The change is slowly starting to happen to private buyers as well, according to some dealers. “Typically, the Old Masters collector is middle-aged, male, European. We’re starting to see a new generation, [who are] younger and with a different approach,” said Milano. “The type of collector that focuses on a specific school or artist is replaced by a new type: younger collectors who love the image and the story it tells.” This year, the Frick Museum invited 15 patrons under the age of 40 to the fair to encourage them to collect. Other museums present included the Musée d’Orsay, the Uffizi Galleries and the Minneapolis Institute of Art.

Veteran British dealer Nicholas Hall has noted how a growing number of elusive crossover collectors are being influenced by fashion designers such as Jonathan Anderson, Raf Simons and Vivienne Westwood, all of whom appropriated Old Master designs. Non-mainstream collectors, he added, are attracted to “strange subjects”, such as Hieronymus Bosch’s fantasy landscapes, skulls and witches, as well as “modernist still lifes” – especially Dutch images. and 17th century Spanish paintings – portraits that are “direct and thought provoking” and works by “very great names: Leonardo, Rembrandt etc”.

On Tefaf’s opening day, Hall reported selling a work by German Baroque painter Johann Carl Loth for “less than $500,000” to a European collector who, along with those on the US East Coast, remains the main driver of the old. main market.

Hall said he had tried to give a “more contemporary touch” to his presentation at the fair this year, although he added that while “old master images look great with contemporary and modern works, they do not thrive in a white cube”. In 2018 Hall collaborated with contemporary dealer David Zwirner on an exhibition titled Endless Enigma: Eight Centuries of Fantastic Art. Among the works Hall sold were a late Titian, to a contemporary buyer, as well as several medieval sculptures and a drawing by Goya. Future collaborations are in preparation. Hall would appear in good company. Last week the FinancialTimes reported that the contemporary Saatchi Yates galley is launching an Old Masters division.

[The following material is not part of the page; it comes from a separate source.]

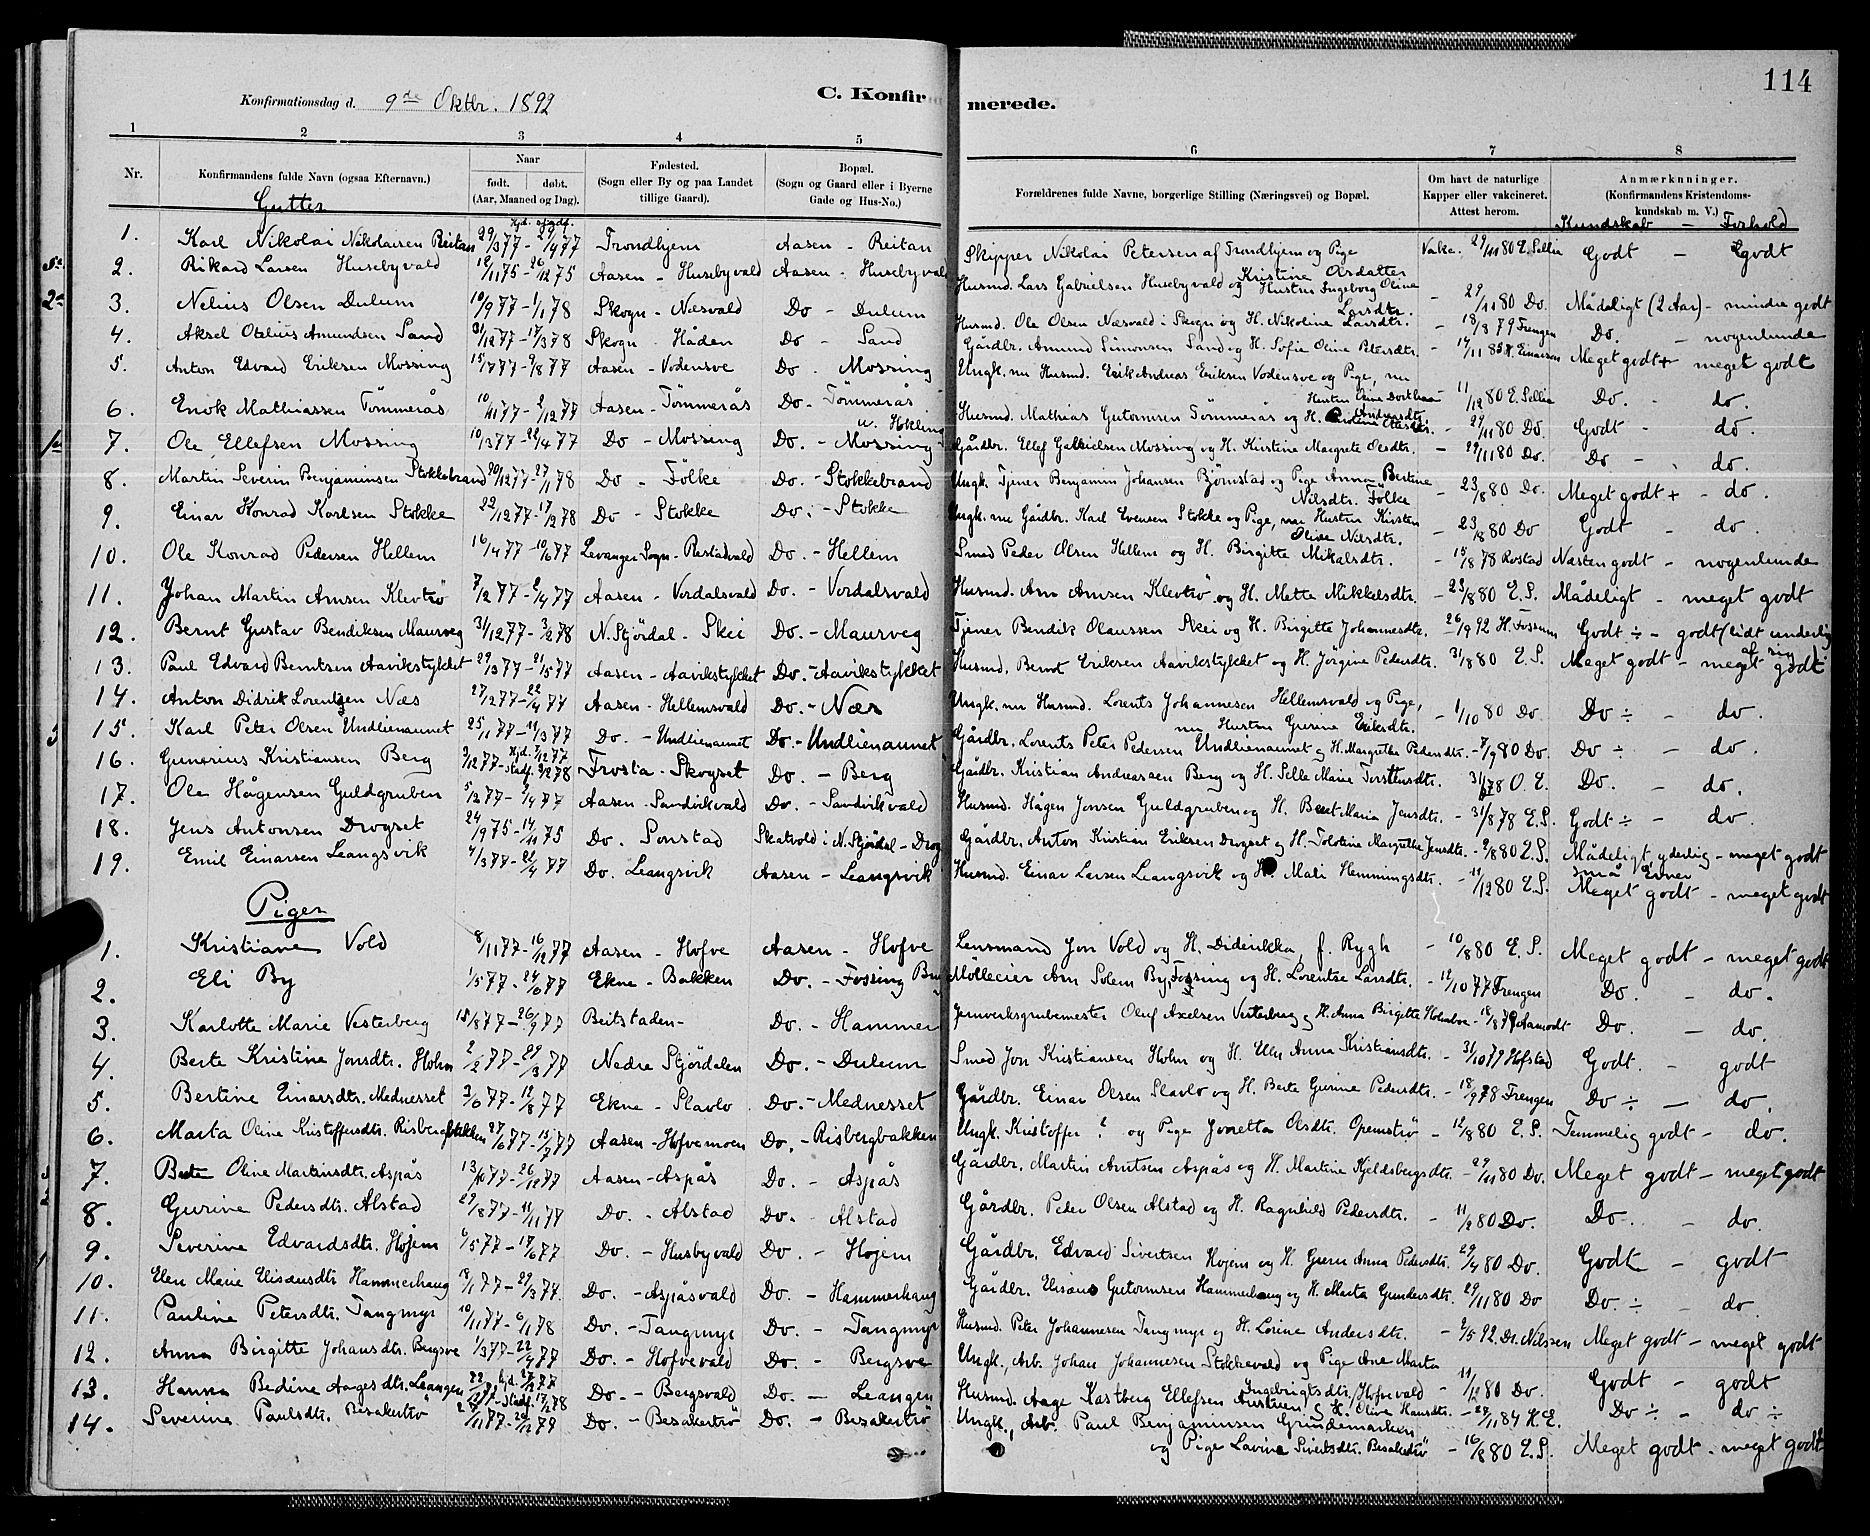 SAT, Ministerialprotokoller, klokkerbøker og fødselsregistre - Nord-Trøndelag, 714/L0134: Klokkerbok nr. 714C03, 1878-1898, s. 114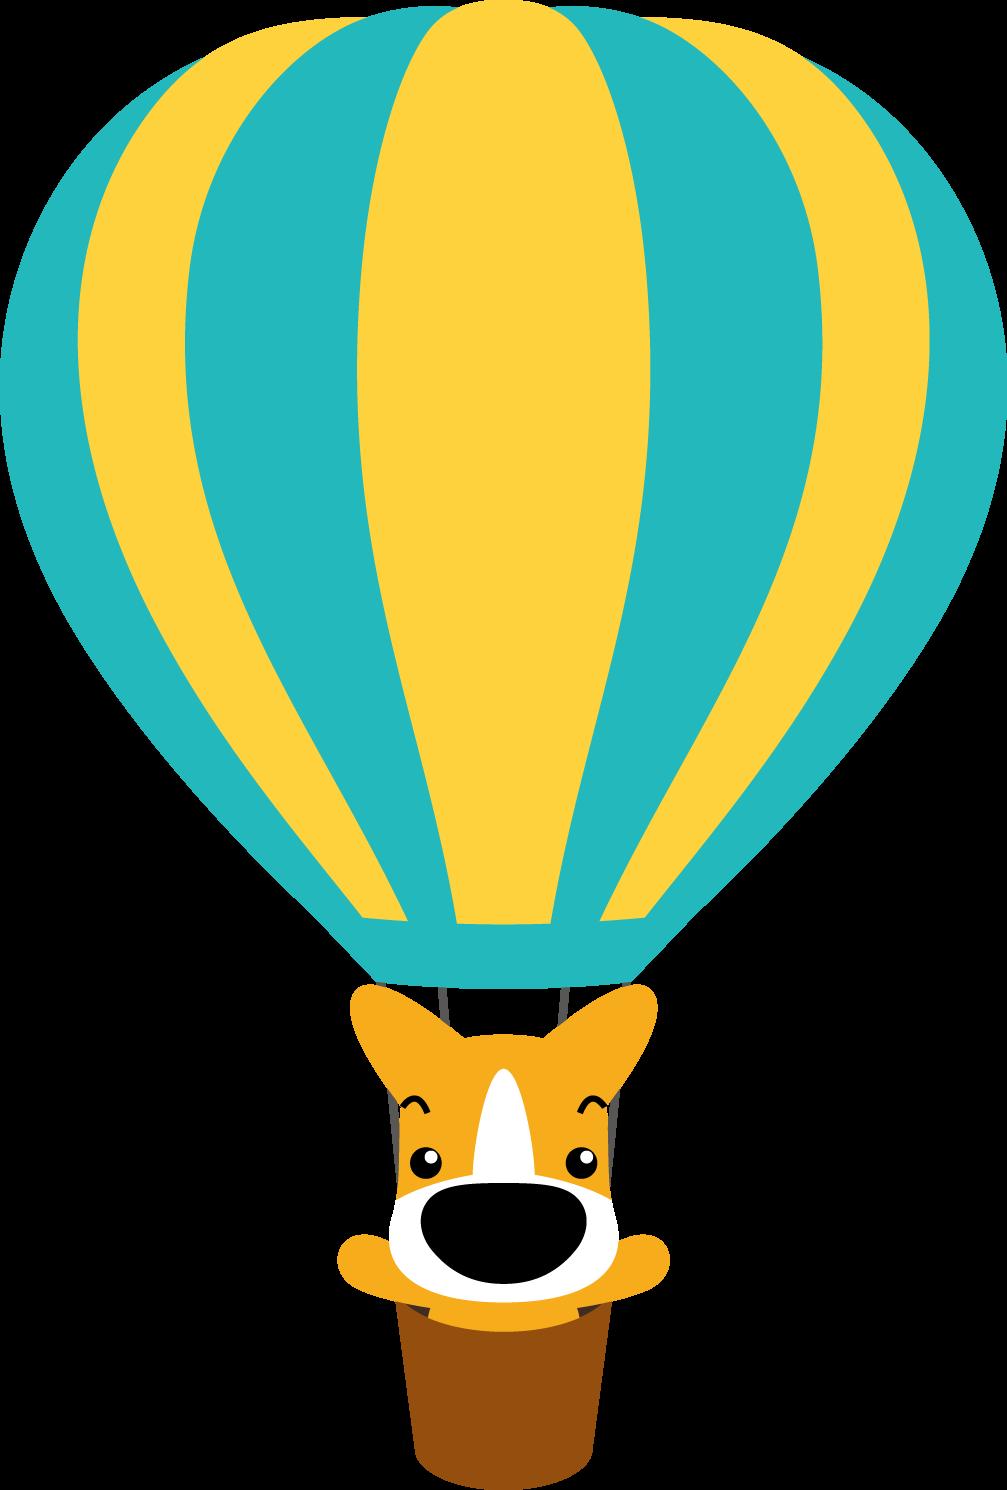 印刷用イラスト 気球(カラー ... : 無料印刷素材 : 印刷

There are ways, of course, to make new discoveries in ancient art. At Tefaf, British dealer Stuart Lochhead is exhibiting the works of two 19th-century sculptors, Félicie de Fauveau and Charlotte Besnard, two female artists “who have long been denied in the canon of art history”, according to the gallery. Lochhead noted that museums are “particularly interested in filling gaps in their collections”, while emphasizing that “an artist must be a good artist above all else”. De Fauveau’s marble portrait of King Henry V sold on the second day of the fair to an American institution, for “about $170,000”.

The supply of the best works is the perennial problem of Old Master dealers and big sales were not very present at the fair. One of the biggest sales reported on opening day, at the Lochhead stand, was a sculpture by Barthélemy Prieur, lion devouring a deerwhich sold for around £1.4million.

Although considerable by most people’s standards, the sum pales in comparison to the prices achieved for contemporary art. Indeed, in 2021, European Old Masters accounted for just 4% of fine art auctions, a figure dwarfed by the 45% share claimed by post-war and contemporary art.

Several dealers have pointed out that the comparison is questionable, given that the type of collector involved in the contemporary art market is more concerned with investment than “the values ​​of beauty, quality and rarity”, as it is put. the Italian merchant Antonacci Lapiccirella. Within two days of the salon opening, she sold Giacomo Balla The four Seasons (1940) to a European private collector for approximately 1 million euros.

From a public perspective, “there is no shortage of interest in Old Master paintings,” said British dealer Charles Beddington. Indeed, just look at the fact that the Vermeer Exhibition at the Rijksmuseum sold out almost immediately, while there are regular queues to enter the Prado in Madrid or the Louvre in Paris.

Over time, dealers hope this interest will trickle down to the market. “I think there’s a growing feeling that old master paintings are undervalued compared to almost everything else, not just contemporary art but also sculpture and drawings,” Beddington said.